Show your credentials in all areas
To comply with the various legislation at AML-CFT (in addition to all the others, of course), they have to take action in a number of areas:
- Organization, which must be adapted to the requirements of AML-CFT.
- Data collection, for example to complete the QLB questionnaire. The new version of this questionnaire, introduced in 2024 for companies subject to the law, has added no fewer than 247 new questions out of a total of 392, spread over 11 tables.
- Governance: AML-CFT requires close coordination within the company, between finance, audit, legal and risk management departments...
- resources (human and financial): essential for ensuring compliance with legislation and managing time-consuming tasks
- technology: this is essential, given the sheer volume of data to be collected, managed, verified and consolidated.
Unfortunately, any attempt to reinforce AML-CFT produces four "collisions":
Regulatory collision: more and more requirements
In addition to AML-CFT, companies must comply with other, equally structuring regulations, such as CSRD(Corporate Sustainability Reporting Directive) in the field of social and environmental responsibility, DORA(Digital Operational Resilience Act), NIS2(Network and Information Security) and electronic invoicing. Not forgetting MiFID II(Market in Financial Instrument Directive), which regulates companies offering investment services and activities related to financial instruments, and MiFIR(Market in Financial Instrument Regulation), which imposes transaction reporting obligations.
A strategic collision: AML-CFT sacrificed on the altar of cost reduction?

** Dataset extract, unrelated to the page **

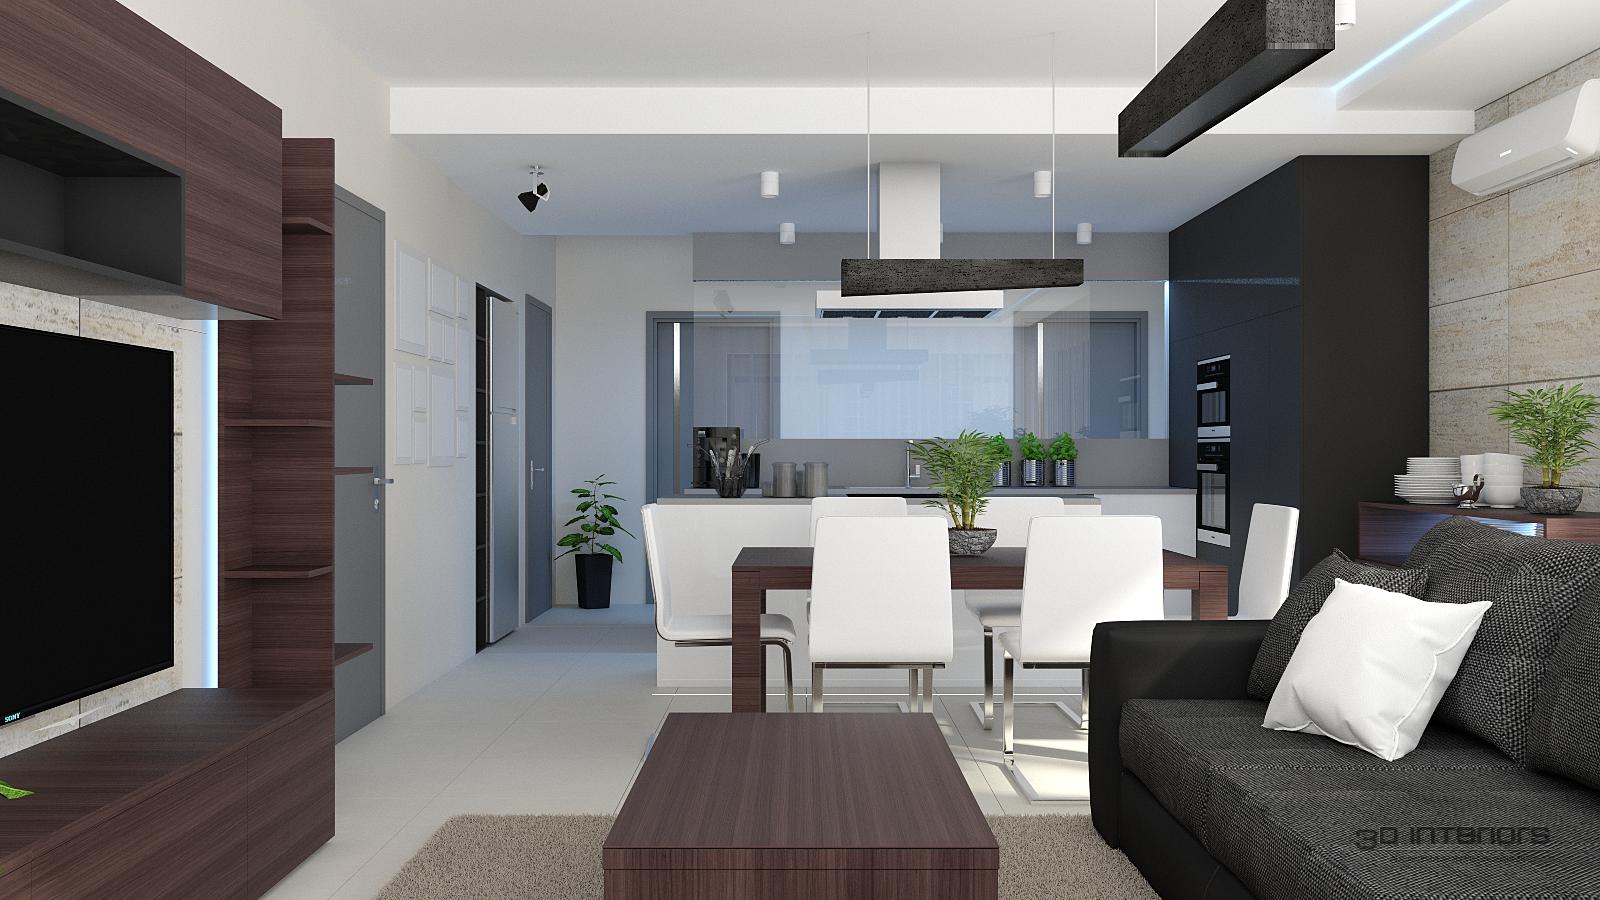 Gardaház - 3D Interiors

A study by the Boston Consulting Group reveals that cost reduction is at the top of senior management's agenda. At a time when many companies are cutting costs in the context of the economic crisis, and when regulatory compliance entails mandatory costs, companies will have to be even more discerning in their decisions. The AML-CFT web site may well be one of the victims...

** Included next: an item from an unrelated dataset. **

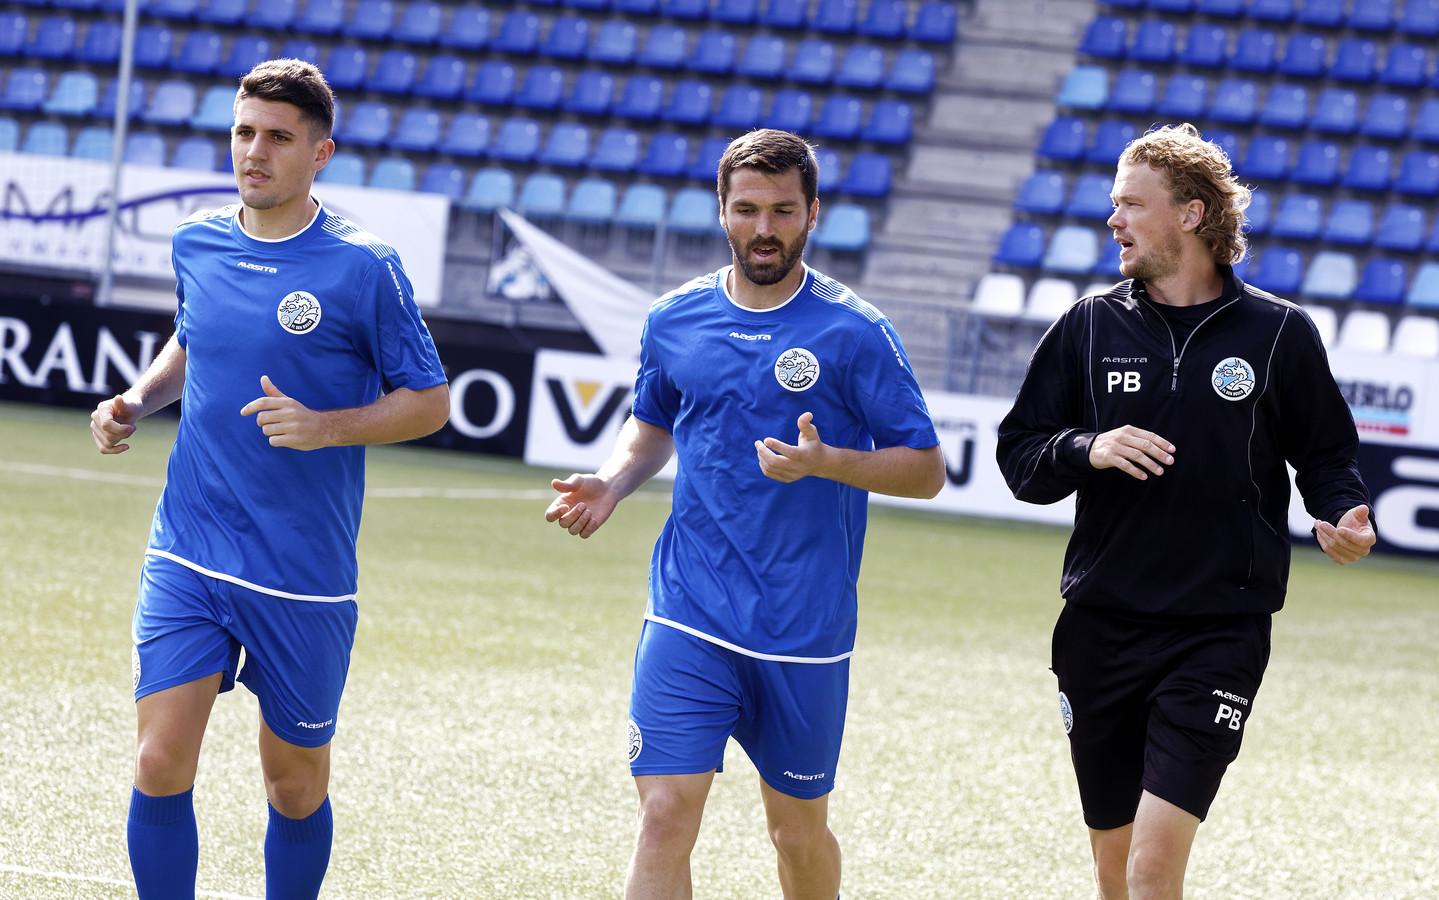 Julian Marchioni (links) en Nicolas Romat, met assistent-trainer Paul Beekmans (rechts), tijdens een looptraining in stadion De Vliert. Beide Argentijnen ontbreken vrijdagavond aan de aftrap.

An organizational collision, a question of sharing responsibilities
AML-CFT requires closer cooperation between the various entities involved: finance, risk, legal, IT, general management, accounting and cash management departments... The more complex the regulations become, the more necessary and time-consuming the interactions. Here again, it would be regrettable if AML-CFT were to be marginalized in relation to other regulatory obligations, seen as more strategic or more media-friendly (such as CSR, on which many companies focus).
A technological collision: digital transformation, AML-CFT, or both?
For several years now, digital transformation has been a strategic requirement for innovation. According to Gartner, IT investment is the second most important priority for general management, behind growth. But should they invest in digital solutions that create value for customers, support innovation, or focus on those that guarantee regulatory compliance? When budgets are tight, it's not certain that the second approach will prevail...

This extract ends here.